- [TASK REQUIREMENTS]
Find "Stock ID : D2050." and "SmartMax Uitbreidingsset diverse" in the records below. Copy the lines holding them and every line between, exactly, and no others.

INPUT FOR THIS TASK START

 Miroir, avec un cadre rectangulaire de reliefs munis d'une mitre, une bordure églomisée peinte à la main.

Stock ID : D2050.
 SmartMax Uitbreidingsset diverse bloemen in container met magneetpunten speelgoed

INPUT FOR THIS TASK END
INPUT FOR THIS TASK START

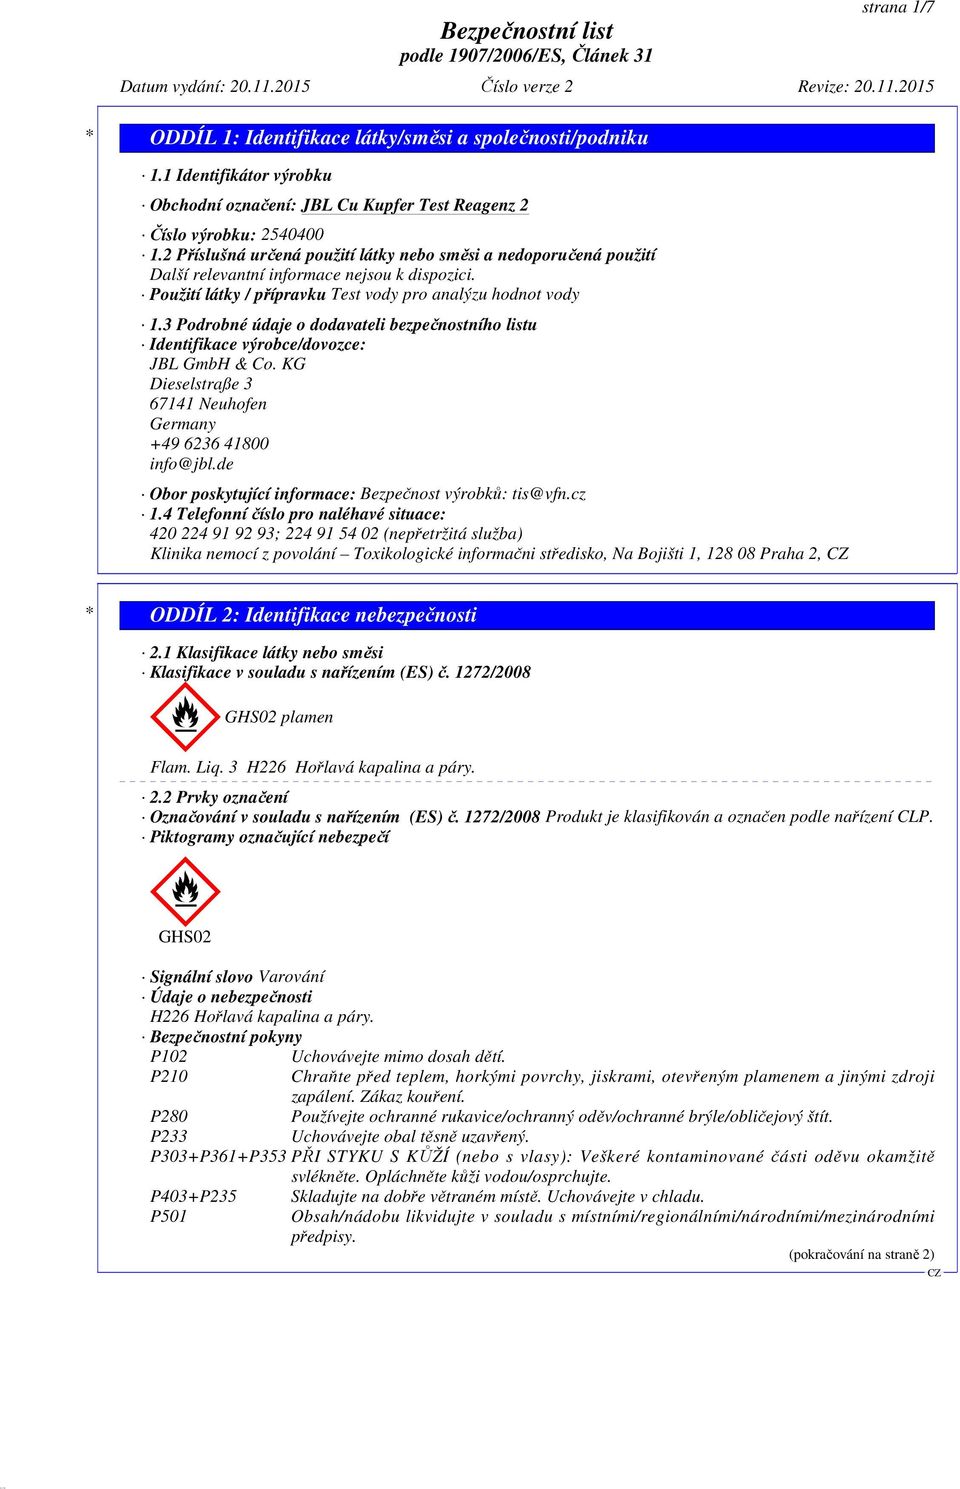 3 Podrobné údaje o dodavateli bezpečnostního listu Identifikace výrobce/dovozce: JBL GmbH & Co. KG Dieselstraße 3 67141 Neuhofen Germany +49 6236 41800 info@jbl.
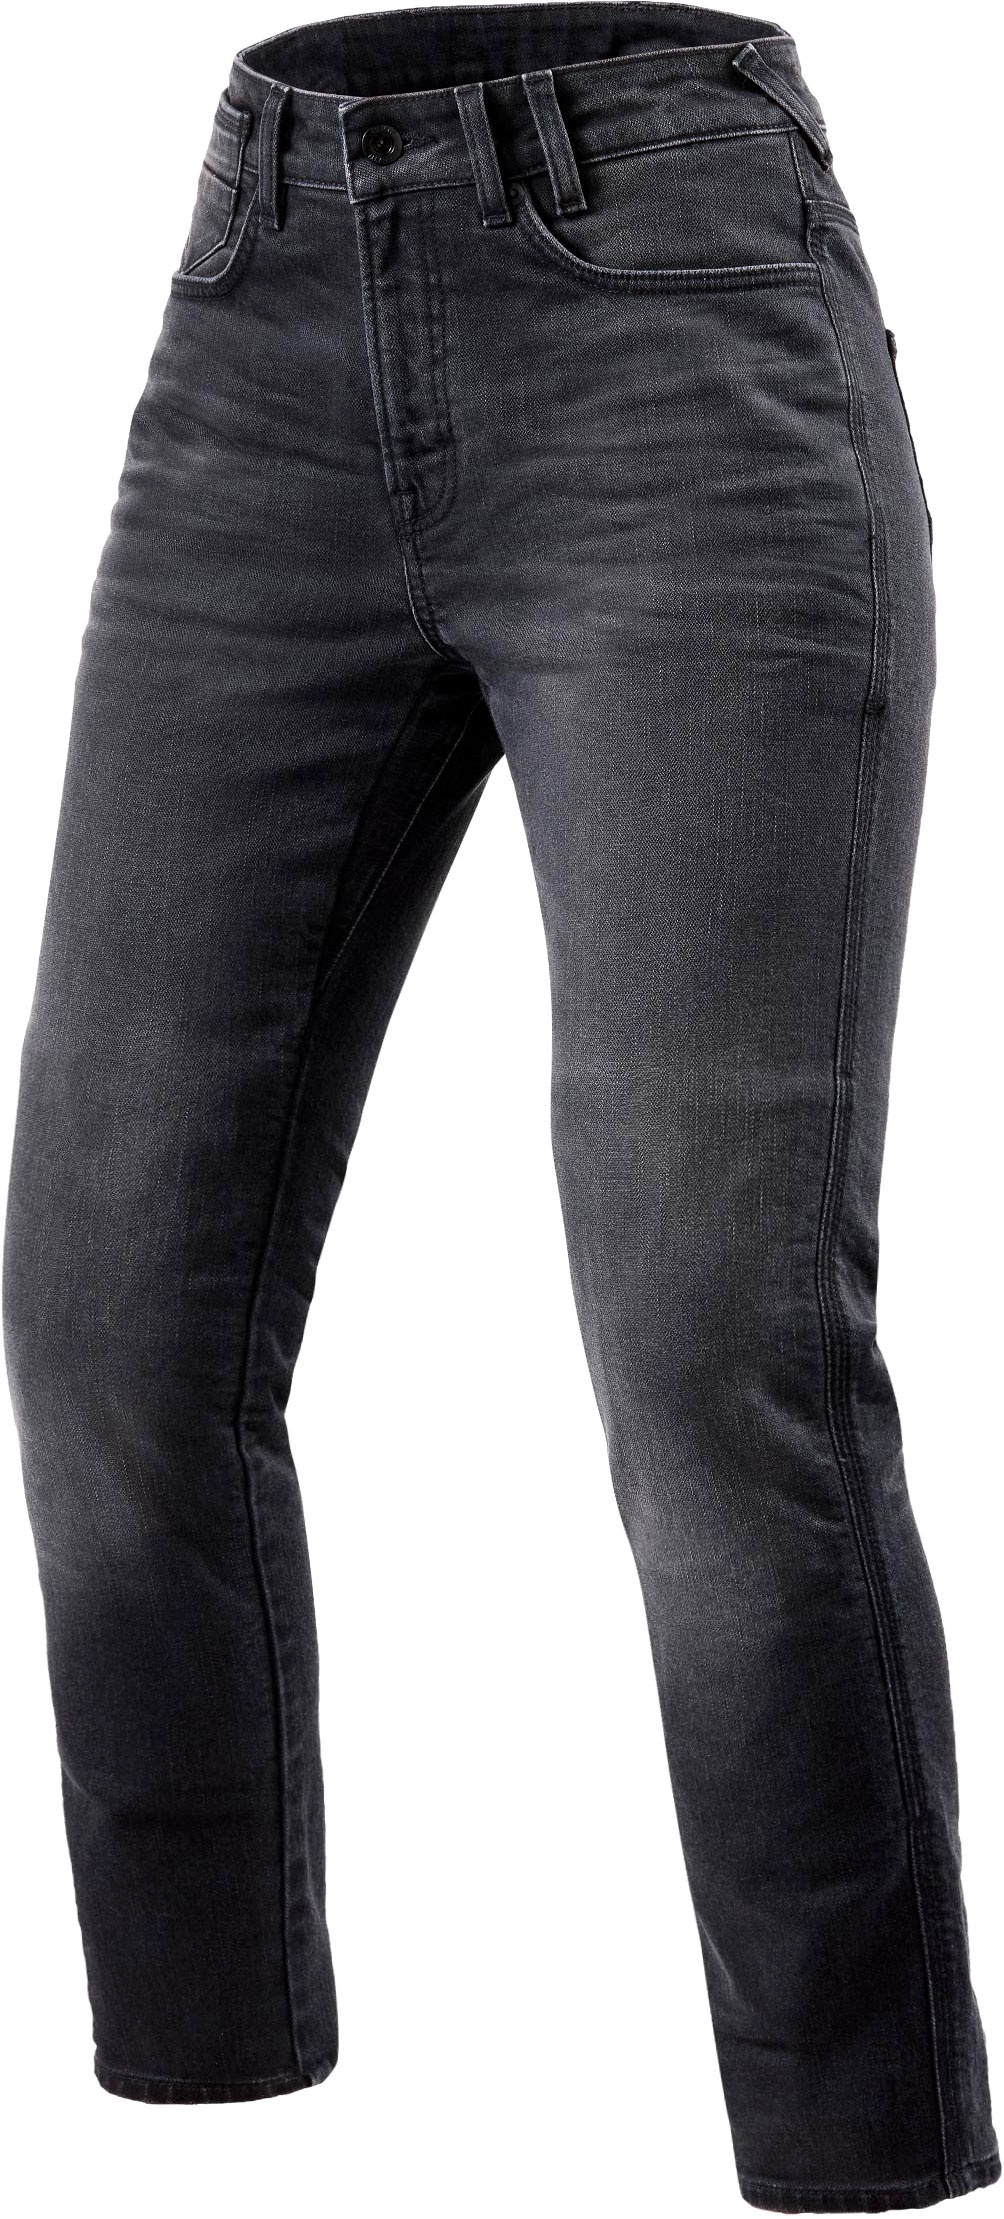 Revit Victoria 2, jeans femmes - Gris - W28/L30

INPUT FOR THIS TASK END
INPUT FOR THIS TASK START

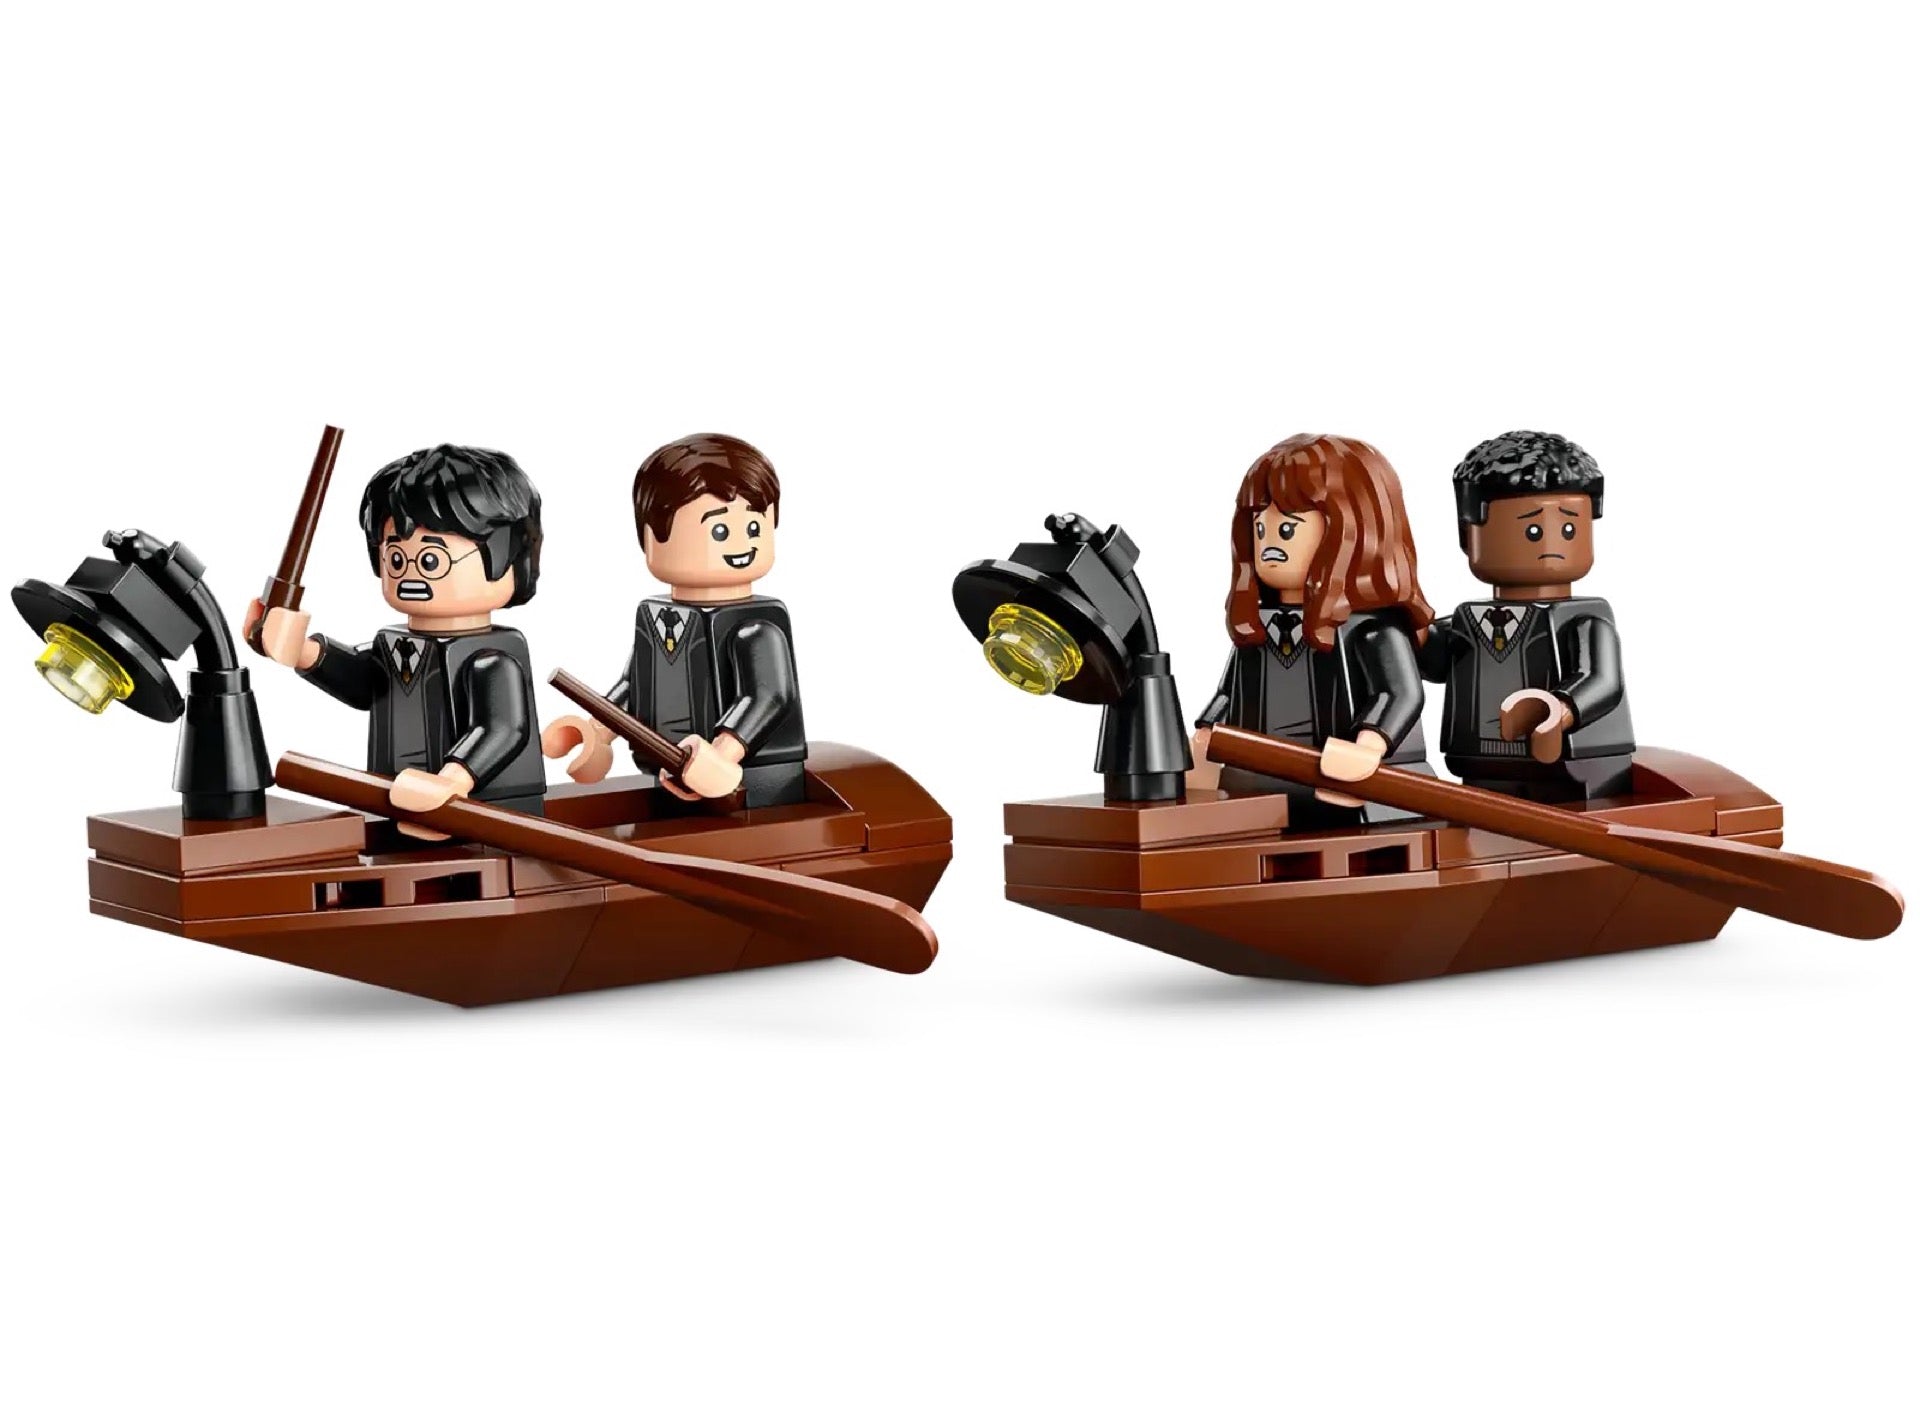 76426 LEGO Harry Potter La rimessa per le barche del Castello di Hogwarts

INPUT FOR THIS TASK END

- [RESULT FOR THIS TASK]
Stock ID : D2050.
 SmartMax Uitbreidingsset diverse bloemen in container met magneetpunten speelgoed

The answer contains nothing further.